What’s wrong with the old way of doing things?

In many cases, current analytic and automation tools allow domain experts to build solutions faster than they can write a request for someone else to do it. If you have knowledge workers needing to request data analysis or process automation instead of operating in a self-service environment, then their operational pace will be completely uncompetitive compared to modern analytically mature organisations. In addition, if you hire analytic experts and they are asked to do these very simple day-to-day tasks, then they will likely leave.

According to Gartner, by 2023 data literacy will become an explicit and necessary driver of business value. The world’s most analytically developed organisations already have a large percentage of their core workforce able to leverage analytics technology beyond the legacy spreadsheet. While legacy systems undoubtedly still have an important place in business — namely for general administration — they aren’t advanced enough meet the needs of business today and deliver reliable insights. Employees who can analyse data and extract insights to drive their businesses faster and further is a huge competitive advantage today.

What does cloud data allow us to do that we couldn’t do before?

Jacobson: Cloud can mean a number of different things to various organisations. For some, cloud implementations allow companies to have different datacentres that are geographically friendly to where their users and/or their data sits. This then reduces the amount of data movement – saving time, but also providing necessary legal compliance depending on the use case.

For others, it is making full use of the ever-decreasing cost of data storage compared to the same storage on premise. In general, cloud technologies typically provide greater hardware elasticity needed to scale up and down compute resources when needed. The alternative is designing systems around peak load and paying to keep that infrastructure running even when the resources aren’t needed.

This scaling capability of the cloud can also be quite important when analysing large datasets – particularly where significant compute resource is needed for a short period of time, but peak load is not needed consistently. Cloud-based analytics not only facilitates powerful data processing but also enables insight generation at speed and at scale. 

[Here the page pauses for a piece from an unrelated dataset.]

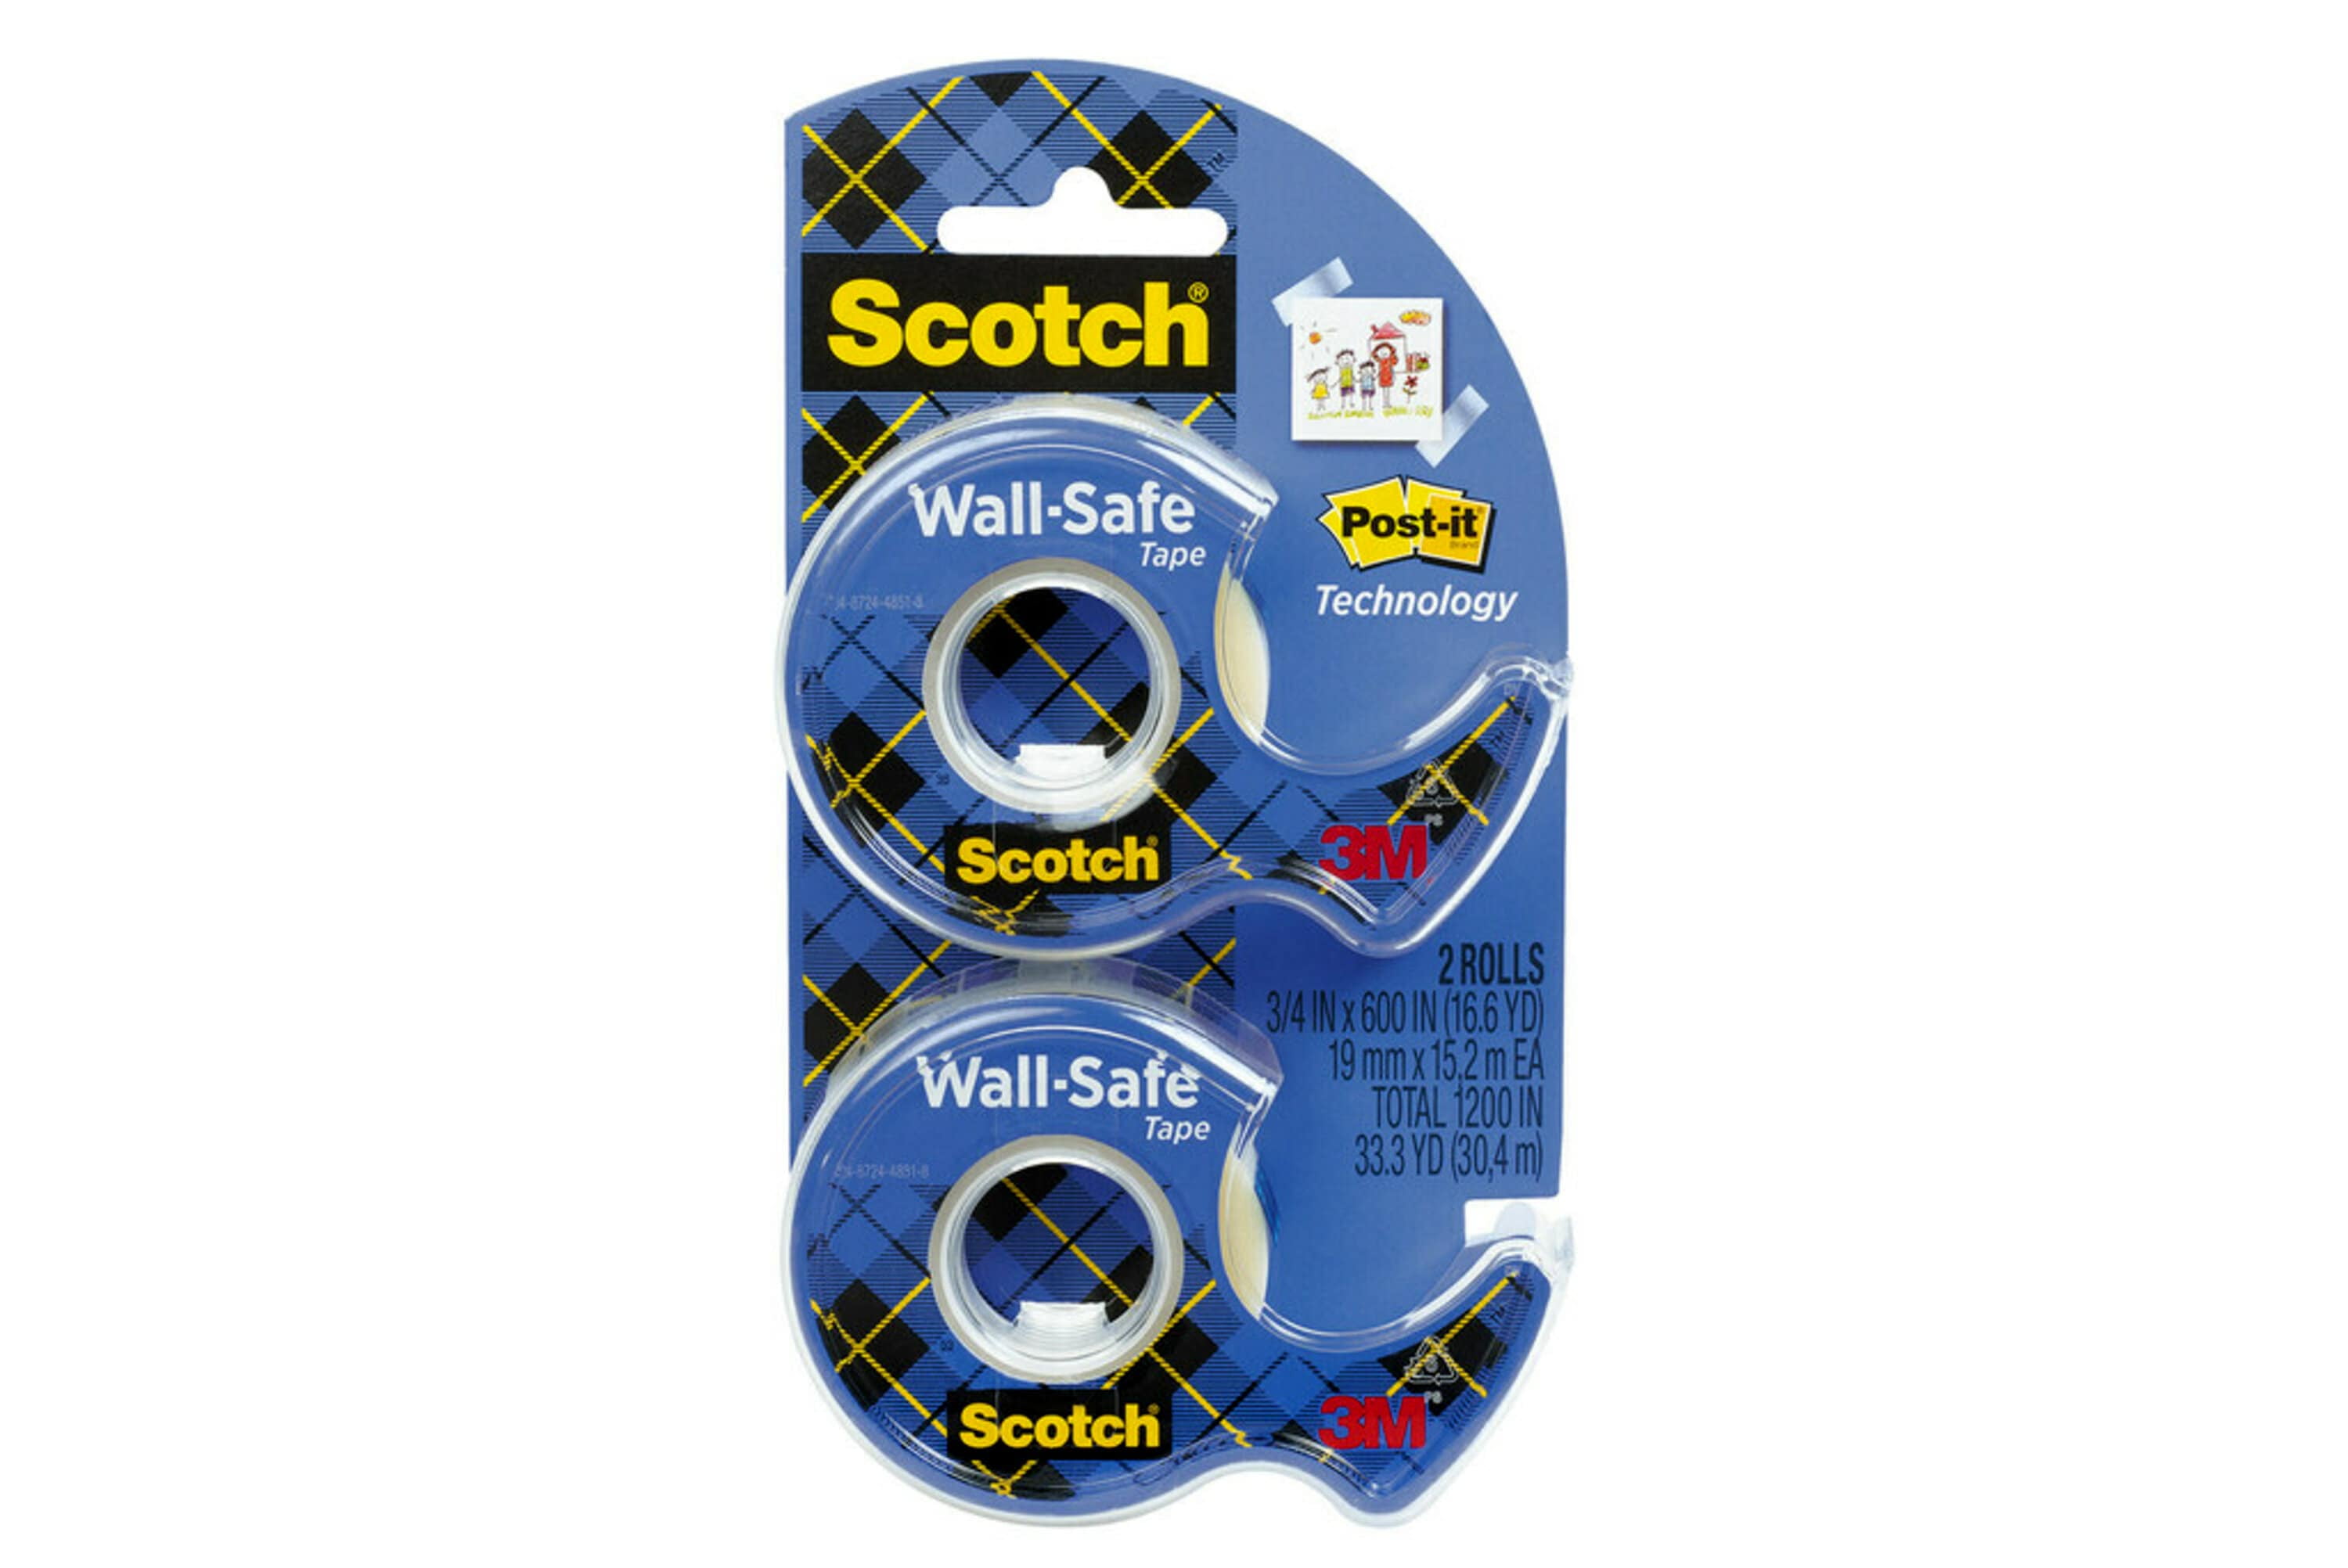 Sticks Securely Photo Safe Designed for Displaying 2 Dispensered Rolls Scotch Wall-Safe Tape Invisible 183-DM2 - 1 3/4 in x 600 in Removes Cleanly

Do we have too much data? Often when I speak to people, they point to absolute massive amounts of data that we don’t necessarily know how to use.

Today’s cost of storage is incredibly low and continuing to decrease, making the value proposition of creating and storing data an easy equation. While digital transformation undertakings often focus on technology, however, a good leader will focus on the human element and the cultural change required to enable that factor. Upskilling workers in data literacy and democratising the access to data are core to getting the most out of any digitally enabled business model.

The importance of data cannot be overstated. While many businesses certainly have more data than they can use, I wouldn’t classify it as “too much” data. Instead, it’s a question of potential. Globally, we’re forecasted to see 180 zettabytes created each year. In 2020, that figure was 64.2 zettabytes. The USP of the five most profitable companies in the world isn’t cash reserves or real estate – it’s the ability to collect, analyse and act on the data they hold – at scale – to refine the value and make effective decisions.

More accessible AI is helping businesses make timely and contextual decisions that lead to more competitive outcomes, and that is only possible due to the ever-increasing volumes of data that businesses have to work with. AI is, in short, one big pattern recognition machine – albeit one shrouded in jargon. You train the AI model by feeding it data, and then ask it to predict outcomes based on that data.

The question now isn’t around having too much data – it’s about what insights can be gleaned from this hugely valuable resource and then used for competitive advantage.